— TASK OBJECTIVE —
Copy without pictures. Please restate each line of the listing exactly.

— DATA BLOCK —
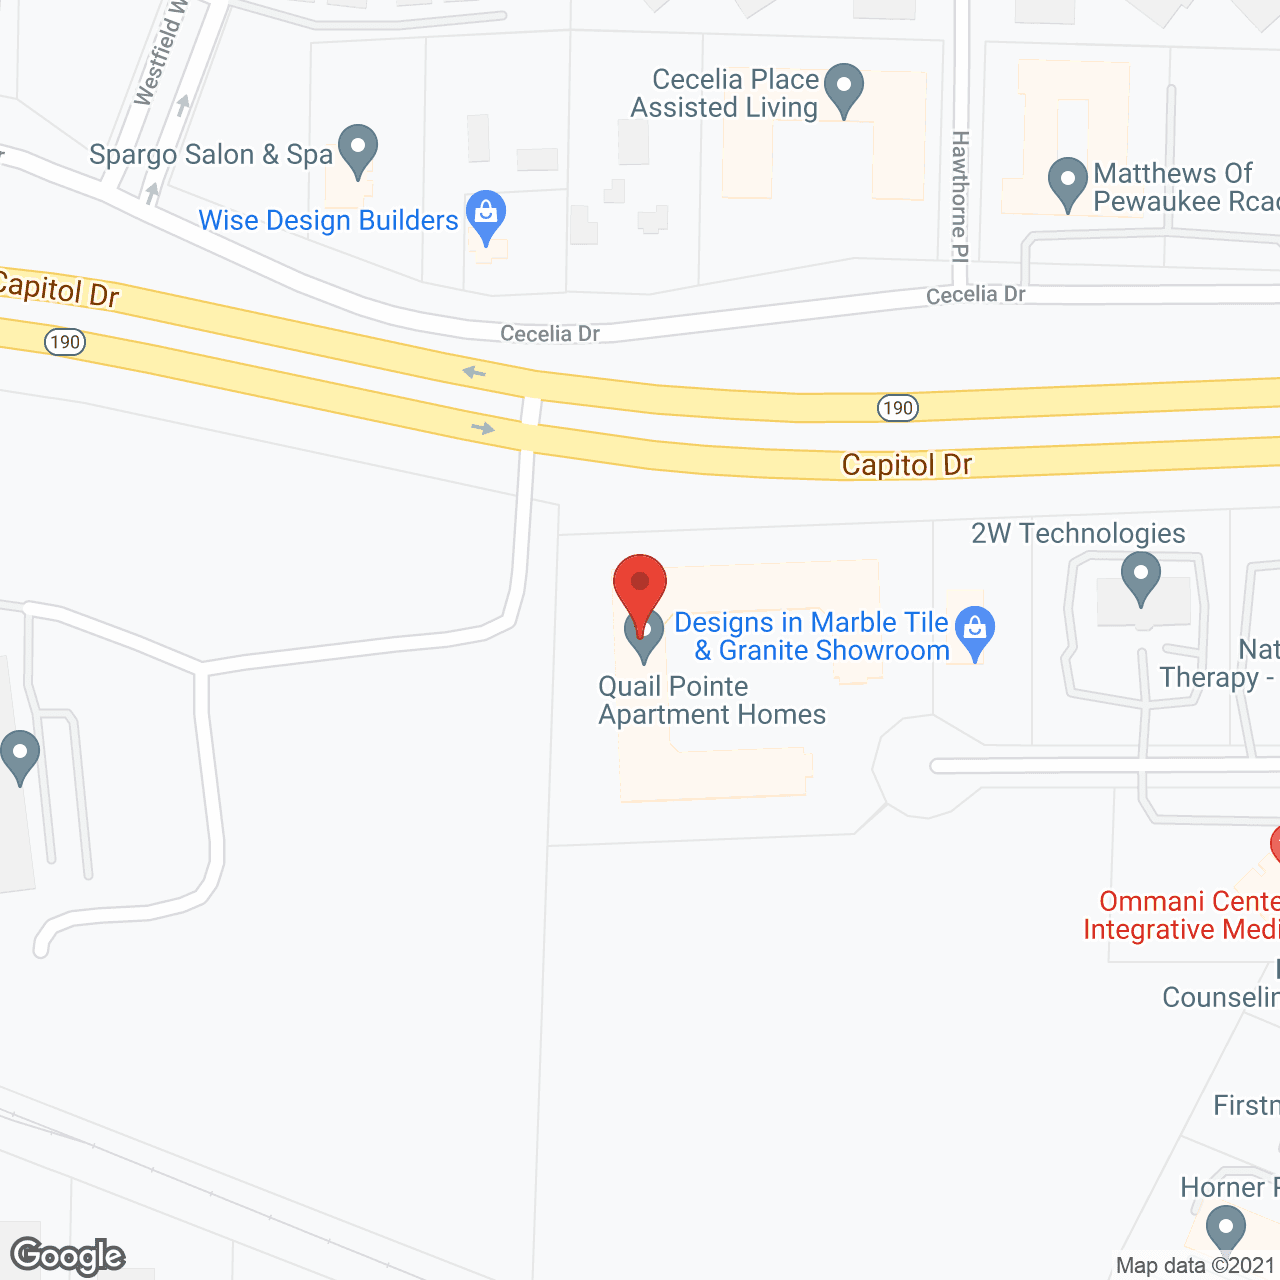 Quail Pointe in google map
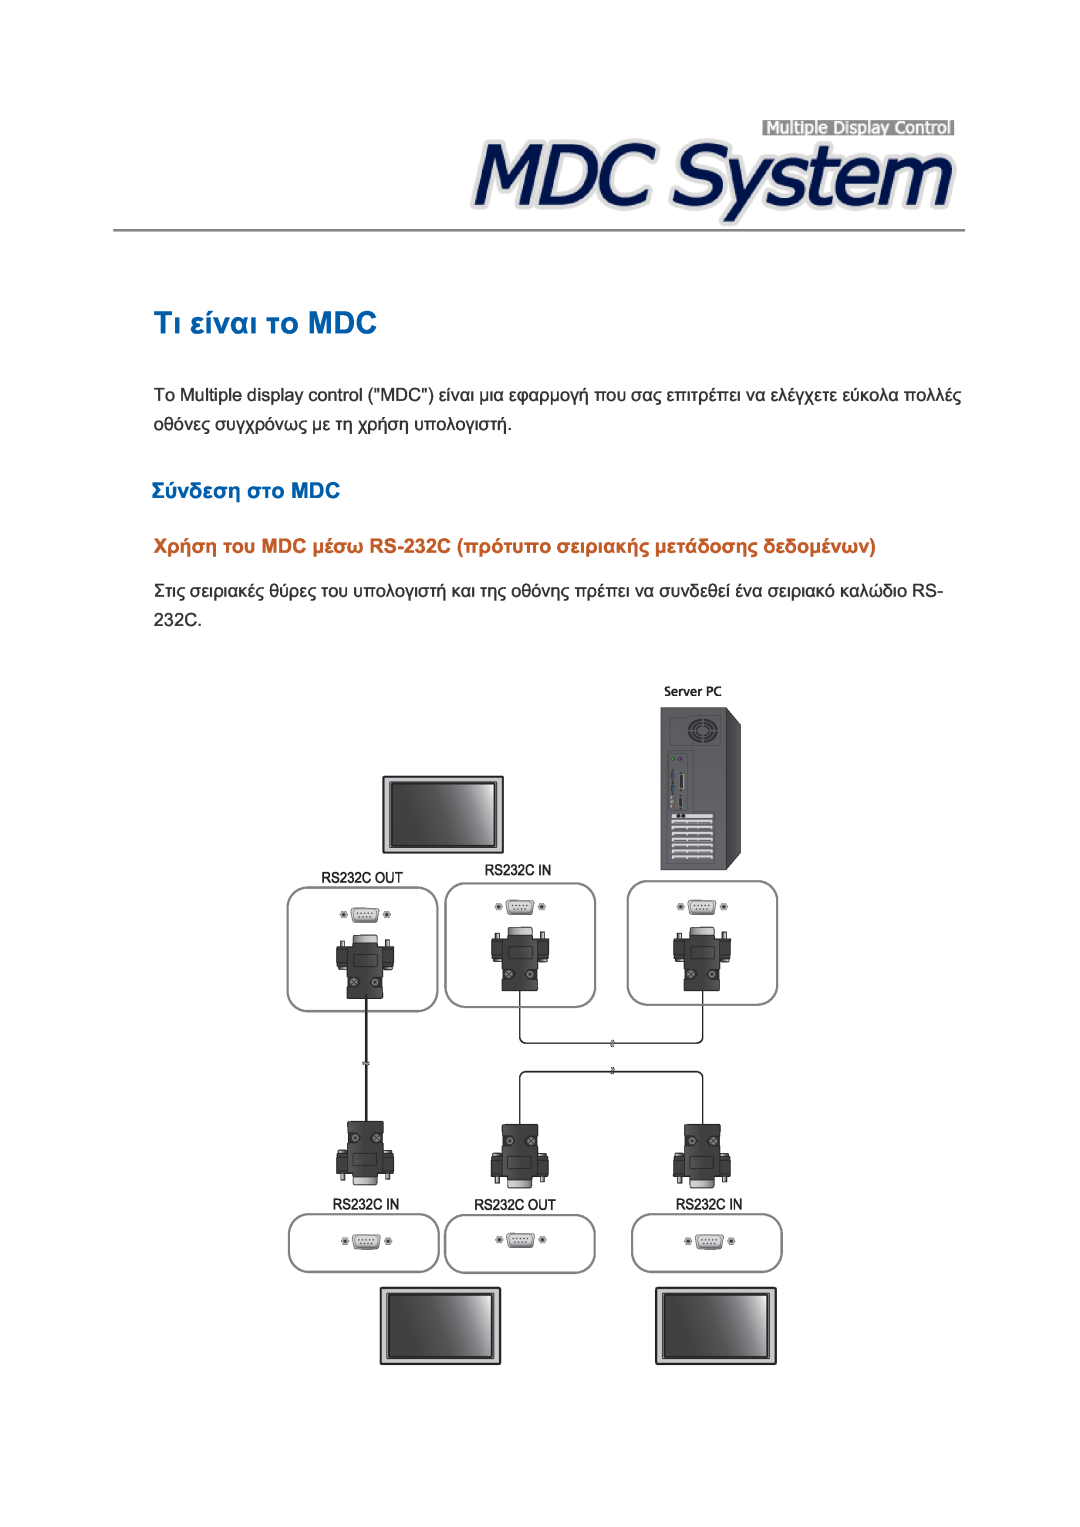 Samsung LH40GWSLBC/EN, LH40GWTLBC/EN, LH46GWPLBC/EN, LH40GWPLBC/EN, LH46GWSLBC/EN MDC RS-232C, Multiple display control MDC 
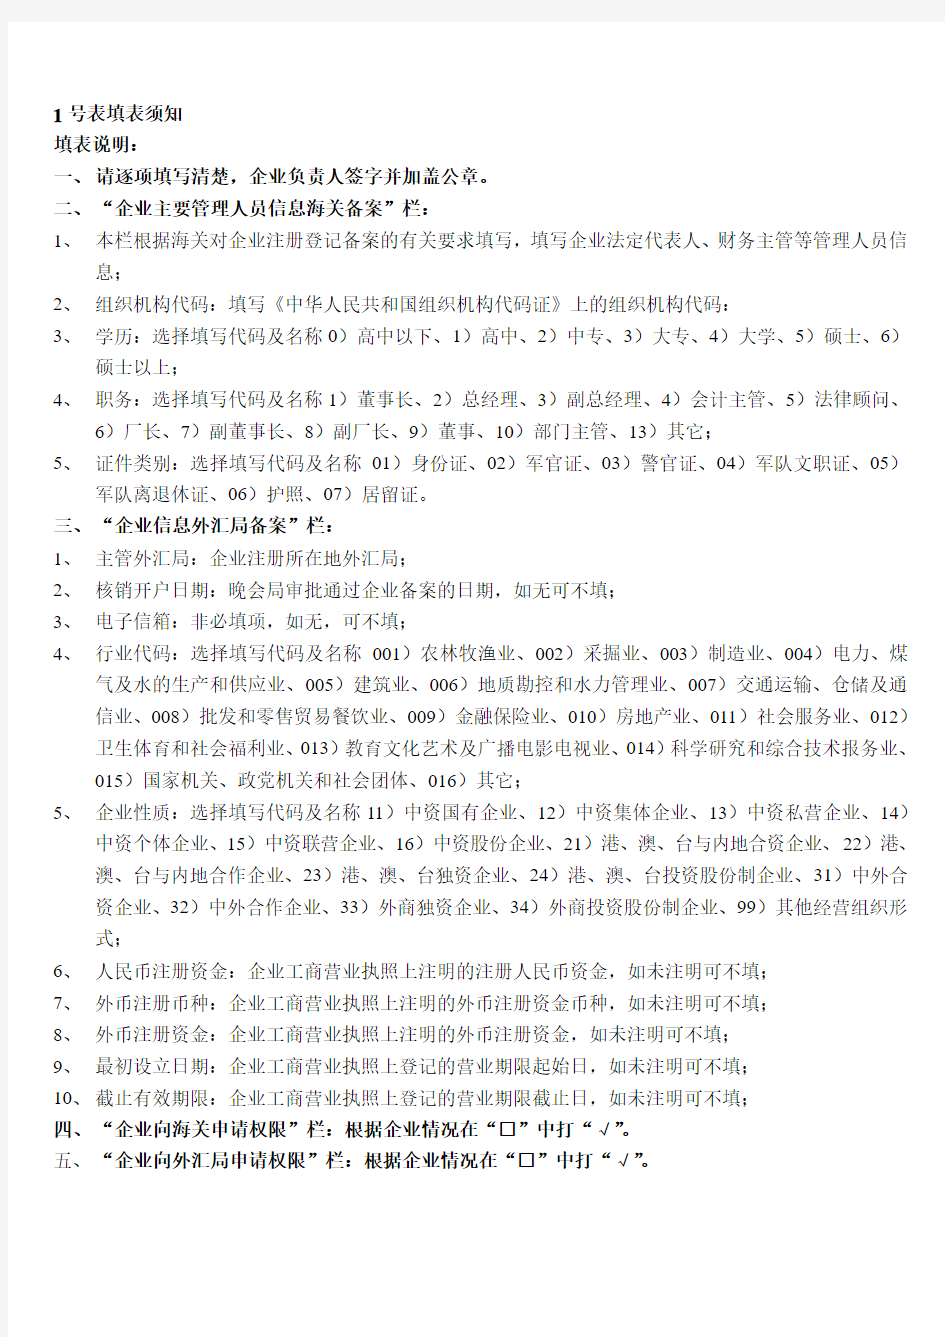 中国电子口岸企业情况登记表企业主要管理人员信息海关备案

— TASK RESULT —
 Quail Pointe in google map
 Samsung LH40GWSLBC/EN, LH40GWTLBC/EN, LH46GWPLBC/EN, LH40GWPLBC/EN, LH46GWSLBC/EN MDC RS-232C, Multiple display control MDC 
 中国电子口岸企业情况登记表企业主要管理人员信息海关备案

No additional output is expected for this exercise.